Setting up a data analytics environment in Linux with Python

Setting Up the Data Science Libraries

The final step is to install the main libraries. Again, just like with JupyterLab, you have the option of installing them with pip:

# pip install numpy pandas matplotlib sklearn

or with the OS package manager (Table 2).

This setup leaves you an environment that is ready both for exploratory data analytics, using JupyterLab, and for large batch processing, using the Python interpreter in script mode. Note that JupyterLab allows you to export a notebook to a Python script. You can also distribute results and documentation using Jupyter notebooks, to report data analytics work to clients. There is one more step that some users might want to take, depending on the specific data analytics project, and that is to install additional Python libraries. PyPI [2] lists all the libraries available in pip.

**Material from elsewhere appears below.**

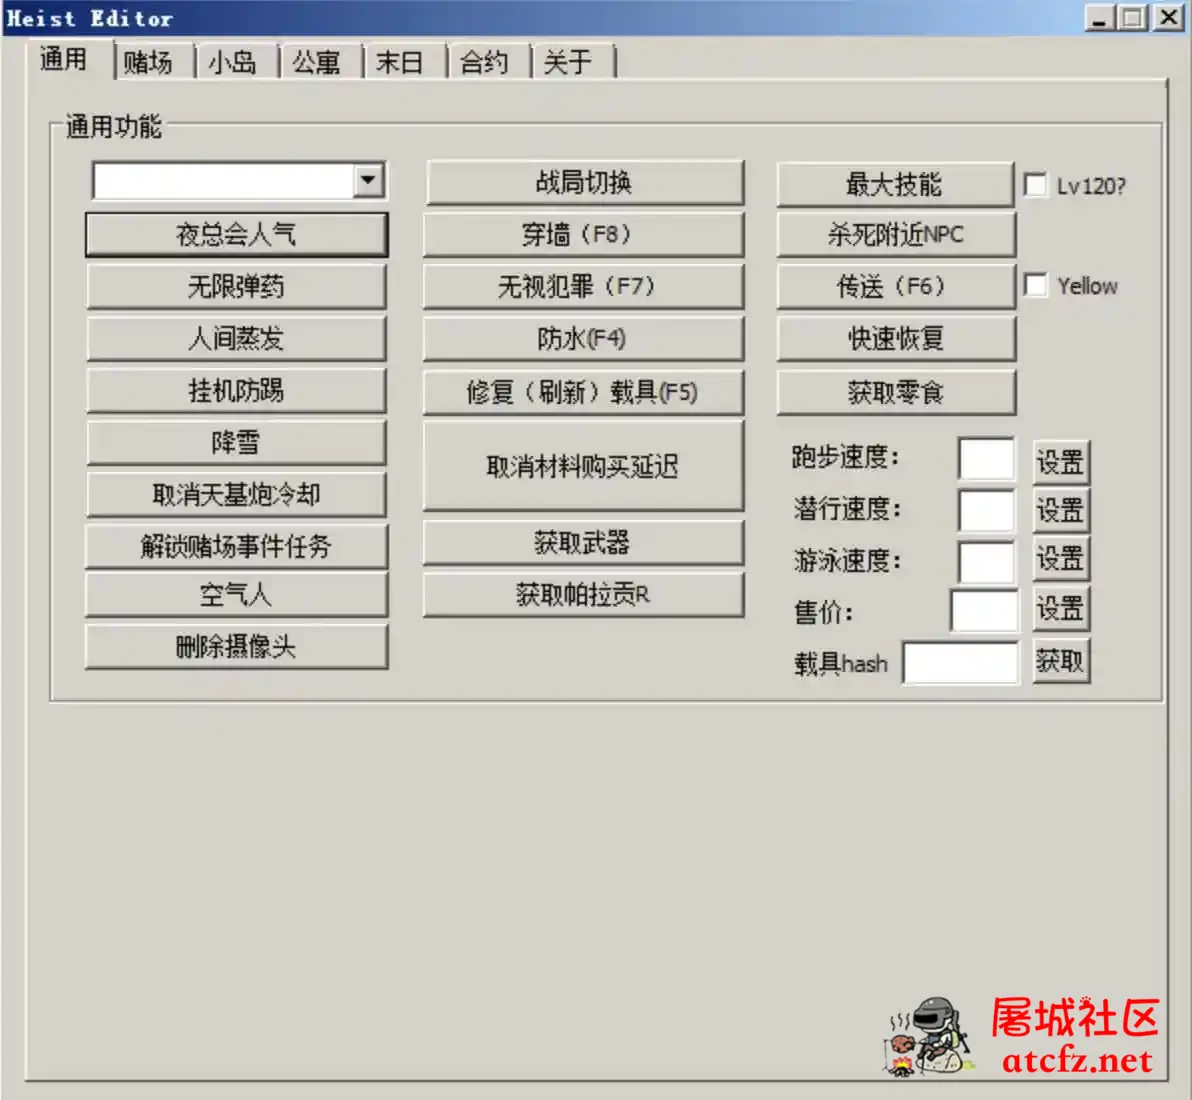 GTA5 Heist Editor外部抢劫编辑器 v3.5.7 屠城辅助网www.tcfz1.com8289

It is good practice to explore the package index before a big project and assess the available field-specific libraries, as well as their maturity and compliance with project requirements.

Example

Suppose I want to understand the behavior of the traffic in a parking lot. I will obtain a profile that shows the hourly average occupancy of the parking lot based on data collected in several measurement campaigns, at different days, in different points of the city. First, I need to retrieve the raw data. For this example, I will use the Birmingham Parking dataset [3], which was used in research work on Smart Cities [4]. Dowload the full dataset using wget:

wget https://archive.ics.uci.edu/ml/machine-learning-databases/00482/dataset.zip

You can enter this command in a terminal window, or you can use the special character ! within Jupyter to run a command in an embedded terminal. Next, unzip the data with unzip.

Given the great variety of formats, processes, and policies of data collection, dataset retrieval will look different each time; sometimes you need to download a ZIP file, sometimes you might just go to a database, or other times you might need to retrieve an SD card from an embedded system. That's the beauty of data science: Each project starts and develops in a different way.

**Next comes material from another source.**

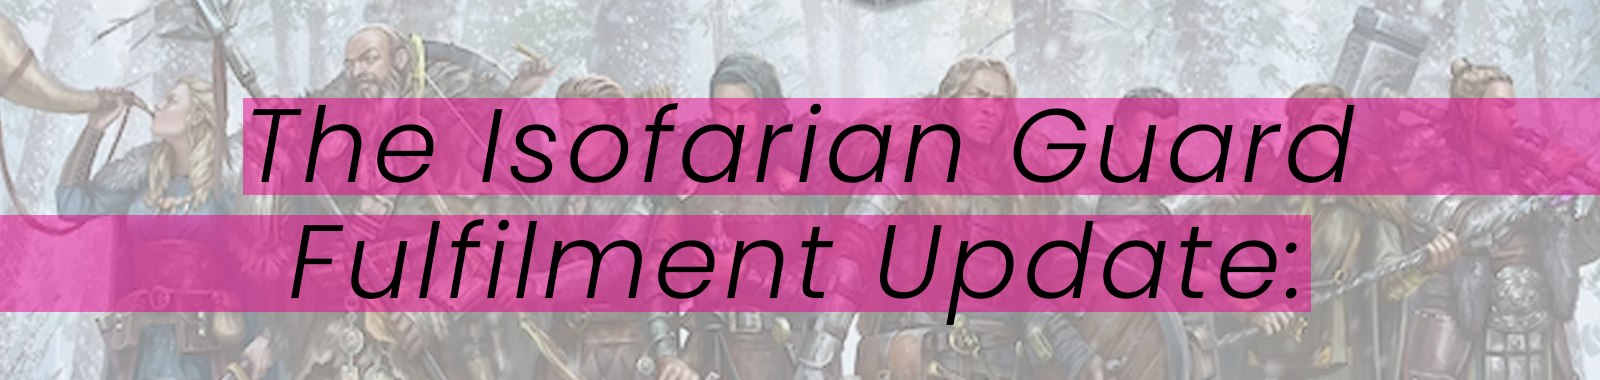 The Isofarian Guard Fulfilment Update:

For this example, I will include the Pandas data analytics library. Pandas completely changes the data workflow in Python, making it much more intuitive and easy. Internally, Pandas uses the mechanisms provided by NumPy, thus inheriting its efficiency. One common scenario is to load the data into a Pandas object, on which to perform preliminary data analysis tasks (especially the selection, preprocessing, and transformation stages).

The first step is to read the contents of the file into Pandas DataFrame, using the function read_csv() (Figure 6), to which you pass the mandatory filename parameter and an optional parse_dates parameter to force it to interpret one column as a date-time field. You can then visualize the contents loaded from the file with display().

Figure 6: Loading the dataset into a DataFrame.

As you can see in Figure 6, the data appears in columns. The first column is SystemCodeNumber, which is an identifier of the parking lot. The second column (Capacity) shows the total capacity of the lot, and the third one (Occupancy) shows the current number of occupied parking spaces. Finally, LastUpdated shows the time and date of the last sensor reading.

The next step is to apply a selection process to only take the samples of the NIA North parking lot. For this step, use the .loc property of the Pandas DataFrame object, which allows you to filter the rows. The code shown in Figure 7 filters all the entries in df, where the parking lot name is 'NIA North'.

Figure 7: Narrow the dataset to the parking lot of interest.

The .loc property is very powerful, allowing filtering with a great variety of conditions. More information can be found in the Pandas documentation [5].

You now have the data of interest in df. Nevertheless, data in the real world normally comes with errors and/or outliers. This dataset is not an exception, as you can see in the Matplotlib plot shown in Figure 8.

Figure 8: A visual representation of the data shows some inconsistencies.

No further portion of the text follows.